ECUADOR GETS CHAVEZ'D
By Greg Palast

By Greg PalastImage

[Quito] George Bush has someone new to hate. Only twenty-four hours after Ecuador's new president took his oath of office, he was hit by a diplomatic cruise missile fired all the way from Lithuania by Condeleeza Rice, and then wandering about Eastern Europe spreading "democracy." Condi called for? a constitutional process to get to elections? this came as a bit of a shock to the man who'd already been constitutionally elected, Alfredo Palacio.

What had Palacio done to get our Secretary of State's political knickers in a twist? It's the oil--and the bonds.

This nation of only 13 million souls at the world's belly button is rich, sitting on at least 4.4 billion barrels of oil in known reserves, and probably much more. Yet 60 percent of its citizens live in brutal poverty; a lucky minority earns the "minimum" wage of $153 a month.

The obvious solution--give the oil money to the Ecuadorians without money--runs smack up against paragraph III-1 the World Bank's 2003 Structural Adjustment Program Loan. The diktat is marked "FOR OFFICIAL USE ONLY," which "may not be disclosed" without World Bank authorization.TheNation.com has obtained a copy.

The secret loan terms require Ecuador to pay bondholders 70 percent of the revenue received from any spike in the price of oil. The result: Ecuador must give up the big bucks from the Iraq War oil price surge. Another twenty percent of the oil windfall is set aside for "contingencies" (i.e., later payments to bondholders). The document specifies that Ecuador may keep only 10 percent of new oil revenue for expenditures on social services.

I showed President Palacio the World Bank documents. He knew their terms well." If we pay that amount of debt," he told me, "we're dead. We have to survive." He argued, with logic, "If we die, who is going to pay them?"

We met two weeks ago in the Carondelet Palace where, on April 20, his predecessor had disappeared out the back door to seek asylum in Brazil. A crowd of 100,000 protesters had surrounded the building, seeking the arrest of fugitive president Lucio Gutierrez.

"Sucio Lucio" (Dirty Lucio, as the graffiti tags him) had won election in 2002 promising to break away from the supposedly voluntary austerity plan imposed by the World Bank. Then, within a month of taking office, Gutierrez flew to Washington. There he held hands with George Bush (a photo infamous in Quito) and US Treasury officials instructed him in the financial facts of life. Lucio returned to Quito, reneged on his campaign promises and tightened the austerity measures including raising the price of cooking gas. The public, after a dispirited delay, revolted.

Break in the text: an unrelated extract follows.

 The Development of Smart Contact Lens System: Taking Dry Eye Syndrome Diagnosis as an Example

Last month, once Lucio fled, the nation's congress recognized the vacancy in Ecuador's Oval Office and filled it with the elected vice president, in accordance with the Constitution.

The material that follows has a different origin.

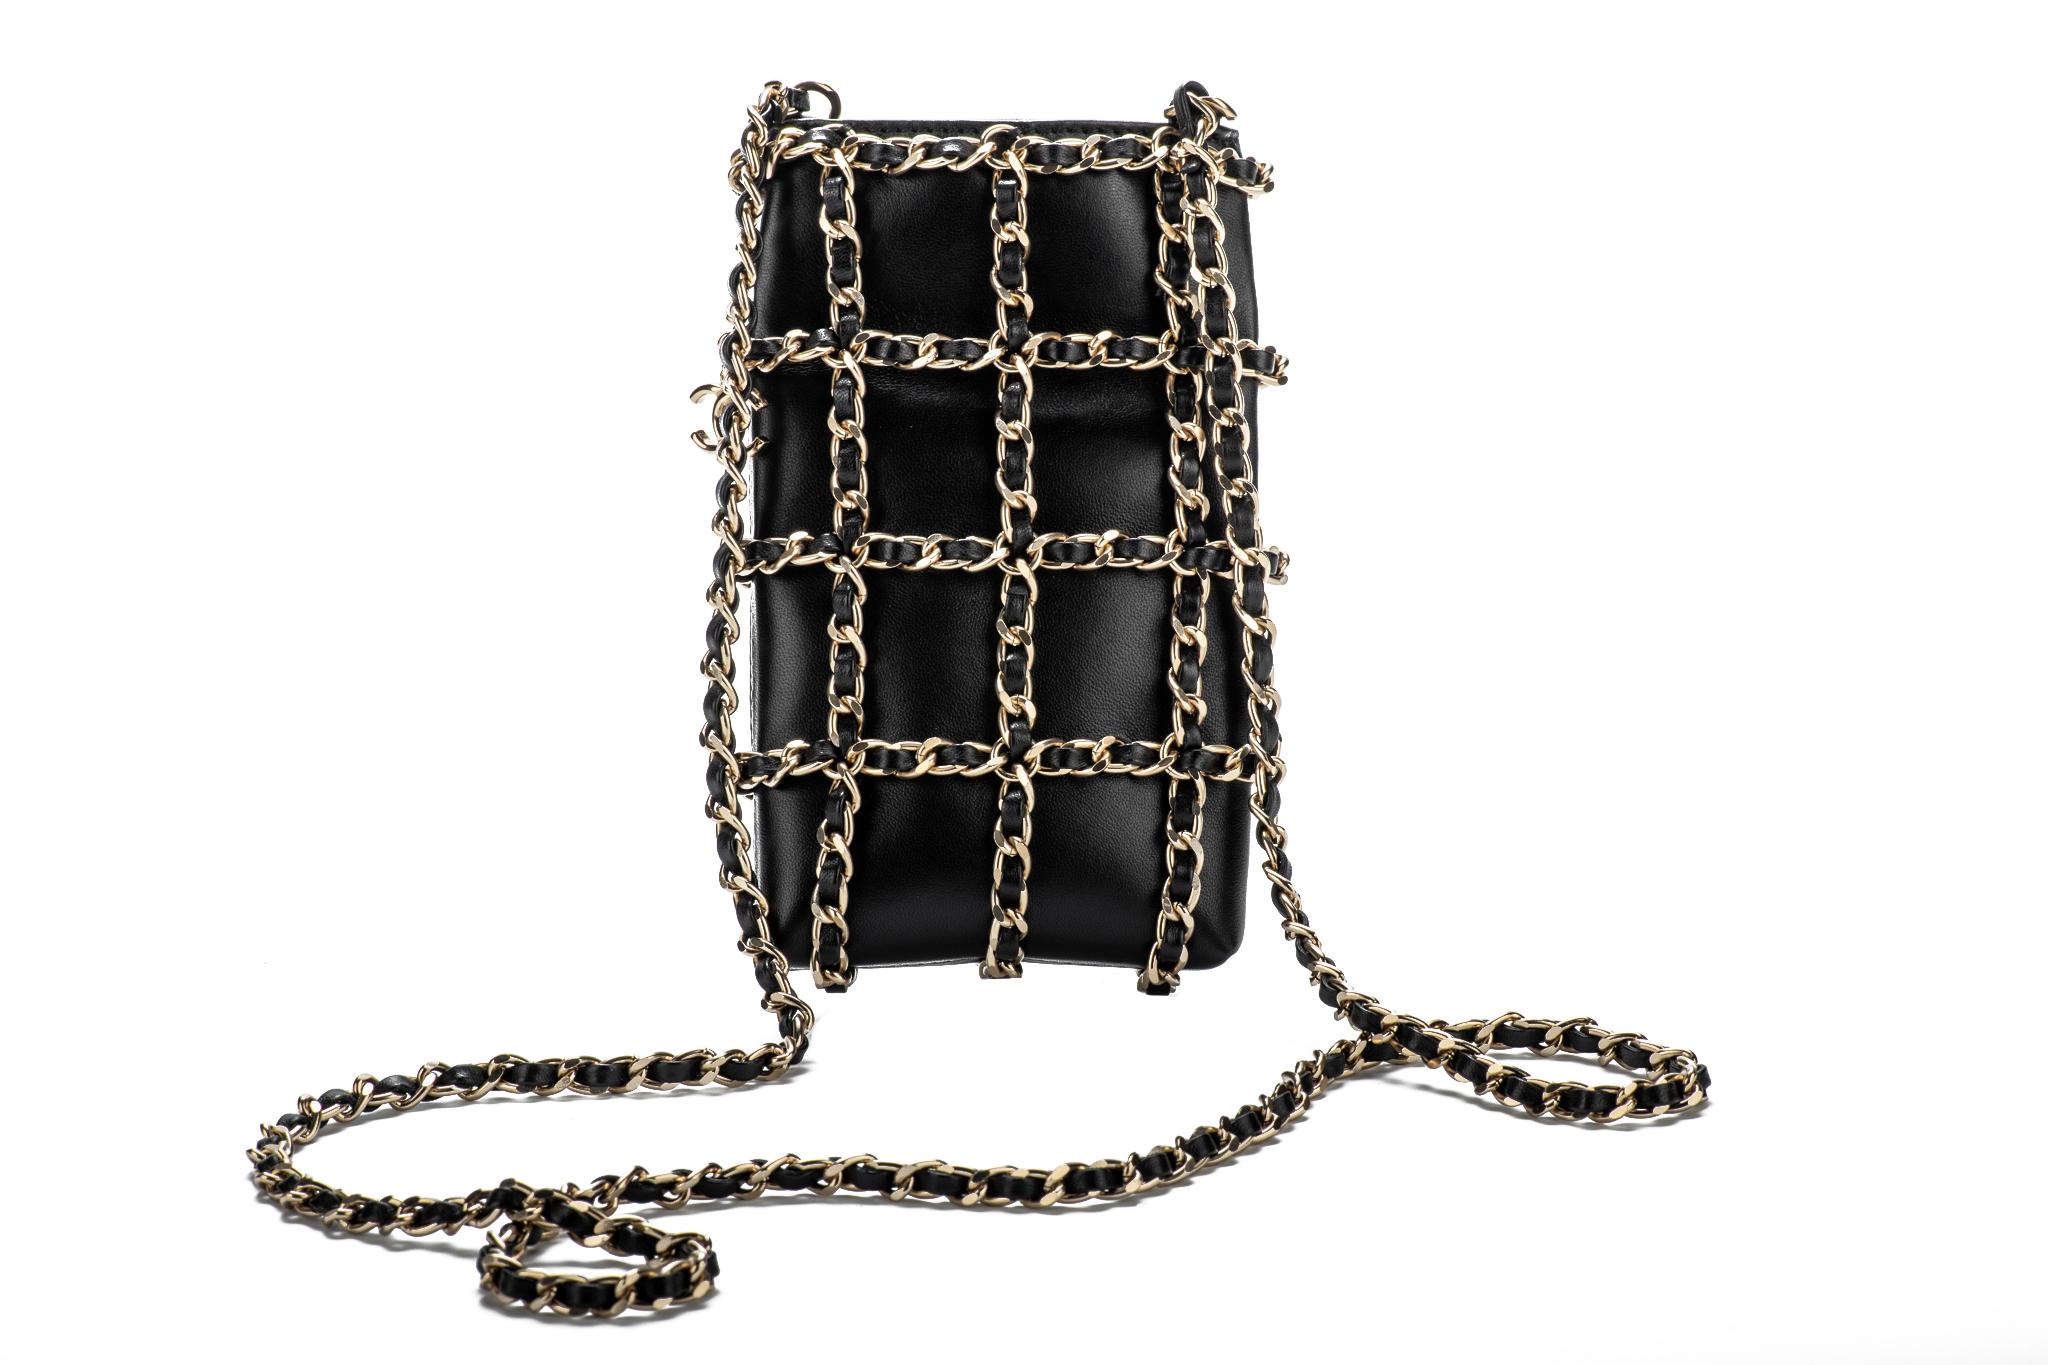 Brand new in box collectible cross body bag. Vip cellular phone bag. Iconic black lambskin leather and gold tone woven chain. Shoulder drop 22.75

Given the oil windfall, Palacio sees no need to follow Gutierrez' path to economic asphyxiation. "It is impossible that they condemn us not to have health, not to have education," he told me. He made it clear that handing over 90 percent of his nation's new oil wealth would not stand.

That's not what the Bush Administration wanted to hear.

Outside the presidential palace, indigenous women in bowler hats and pigtails chanted, "FUERA TODOS! FUERA TODOS!" Everyone out. As far as they are concerned, every one of the seven presidents who have entered office in the past nine years has sold them out to the bondholders, to the oil companies, to the World Bank and its austerity punishments. To them, Palacio is bound to be just another in a long line of disappointments.

I asked the president what he would do if the World Bank and the Bush Administration nix his request for Ecuador to keep an extra tiny percentage of its oil money. Mindful that no Ecuadorian president since 1996 has served out his term, Palacio told me simply: "There is no way. There is no other way. These people have to listen to us."

This article first appeared in The Nation Magazine and was republished with Mr. Palast's permission.
Greg Palast is the author of the New York Times bestseller 'The Best Democracy Money Can Buy.'
Greg Palast is an investigative reporter for BBC Television and Harper's Magazine. Visit www.GregPalast.com to view his readings and see his reports.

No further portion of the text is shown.